With this configuration file created, you can build the library using the command

$ make -j CONFIGFILE=<path to your configuration file>

The library will be compiled and installed in a newly created build/ directory. This build method is deprecated and will be removed in a future release.

Method 2: CMake (recommended)

We also enable builds using CMake. A CMake build of the library without additional examples/tests can be completed using the following commands

$ mkdir build
$ cd build
$ cmake ..
$ make -j

There are several build variables available to configure the CMake build which can be found at the top of the project CMakeLists.txt file. As an example, to configure the build to compile additional examples and enable NVSHMEM backends, you can run the following CMake command

$ cmake -DCUDECOMP_BUILD_EXTRAS=1 -DCUDECOMP_ENABLE_NVSHMEM=1 ..

Dependencies

We strongly recommend building this library using NVHPC SDK compilers and libraries, as the SDK contains all required dependencies for this library and is the focus of our testing. Fortran features are only supported using NVHPC SDK compilers.

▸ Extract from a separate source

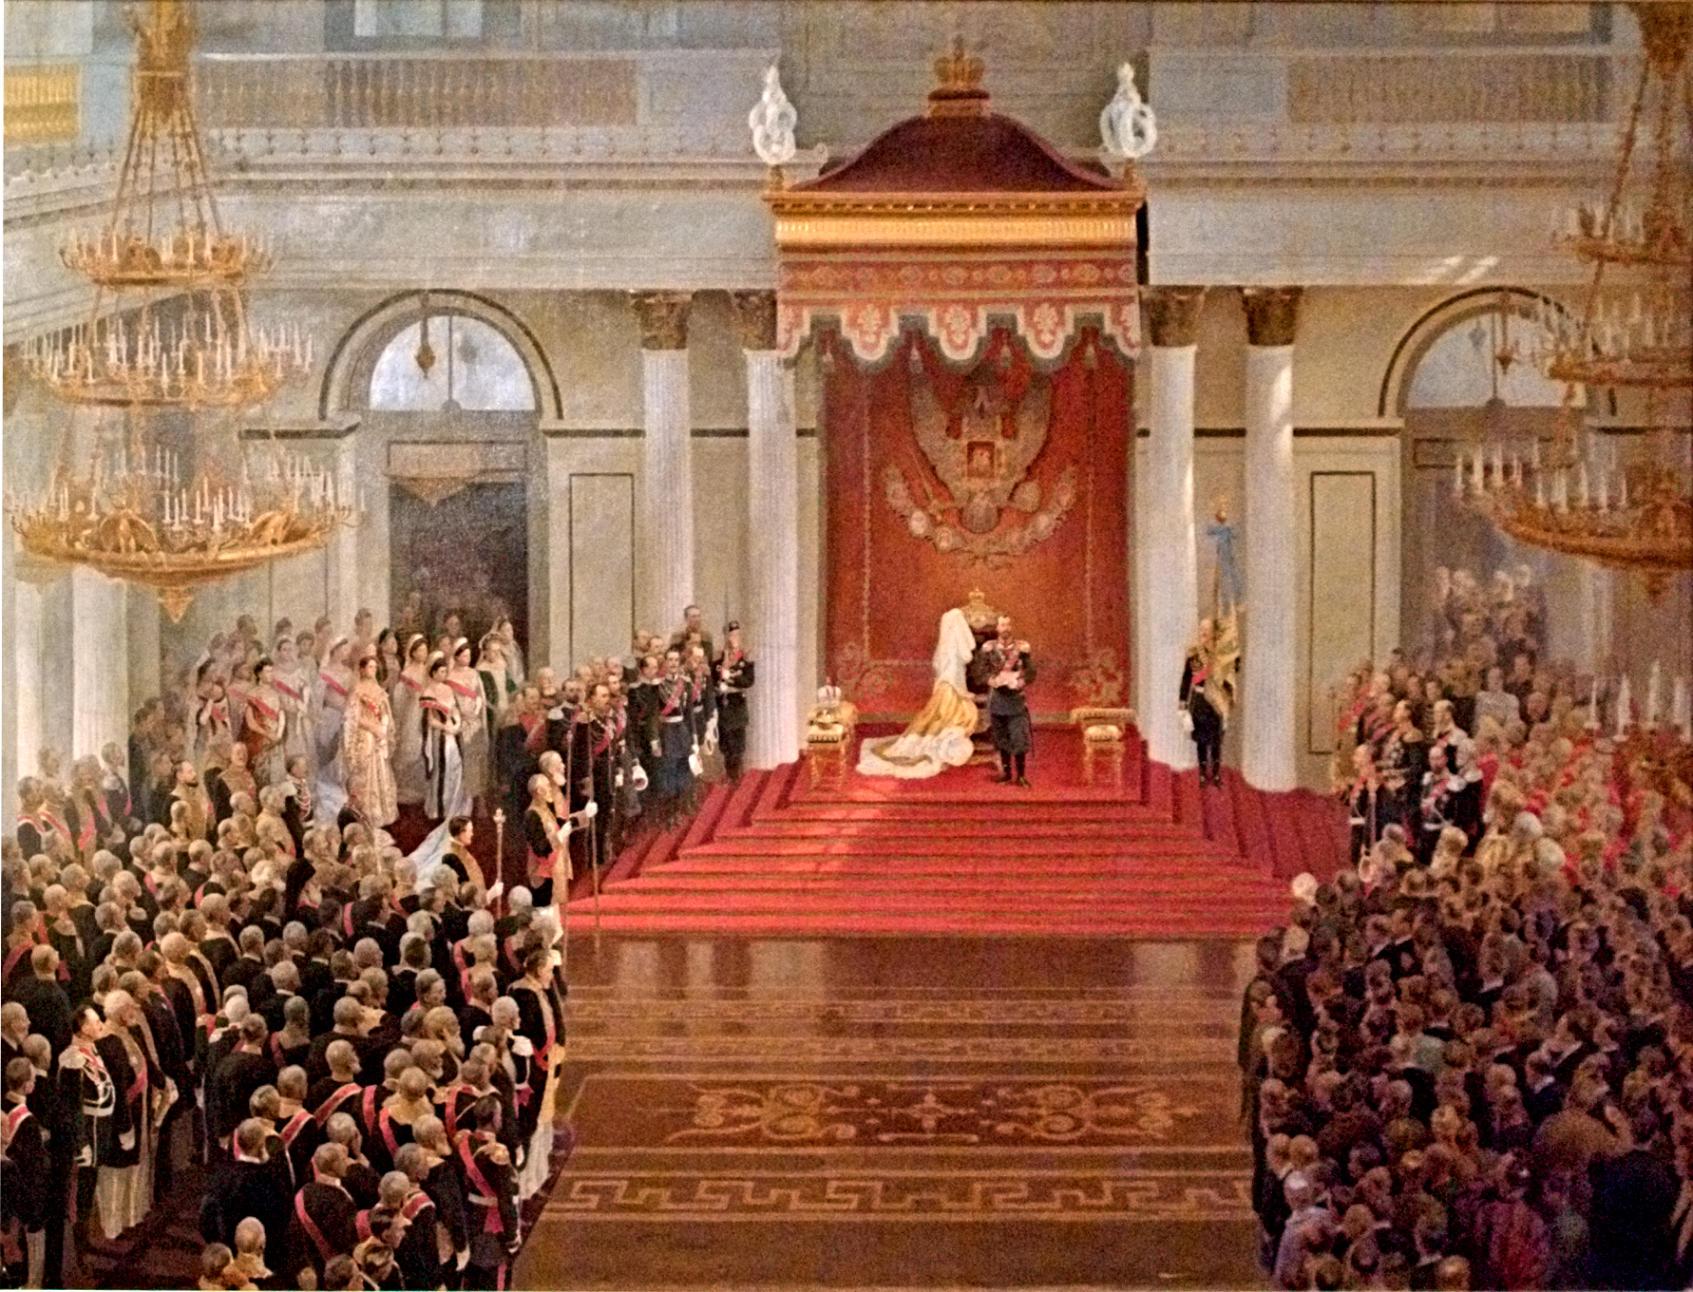 Поляков — Тронная речь Николая II во время открытия I государственной думы в Зимнем дворце

One exception is NVSHMEM, which uses a bootstrapping layer that depends on your MPI installation. The NVSHMEM library packaged within NVHPC supports OpenMPI only. If you require usage of a different MPI implementation (e.g. Spectrum MPI or Cray MPICH), you need to either build NVSHMEM against your desired MPI implementation, or build a custom MPI bootstrap layer. Please refer to this NVSHMEM documentation section for more details.

Additionally, this library utilizes CUDA-aware MPI and is only compatible with MPI libraries with these features enabled.

License

This library is released under a BSD 3-clause license, which can be found in LICENSE.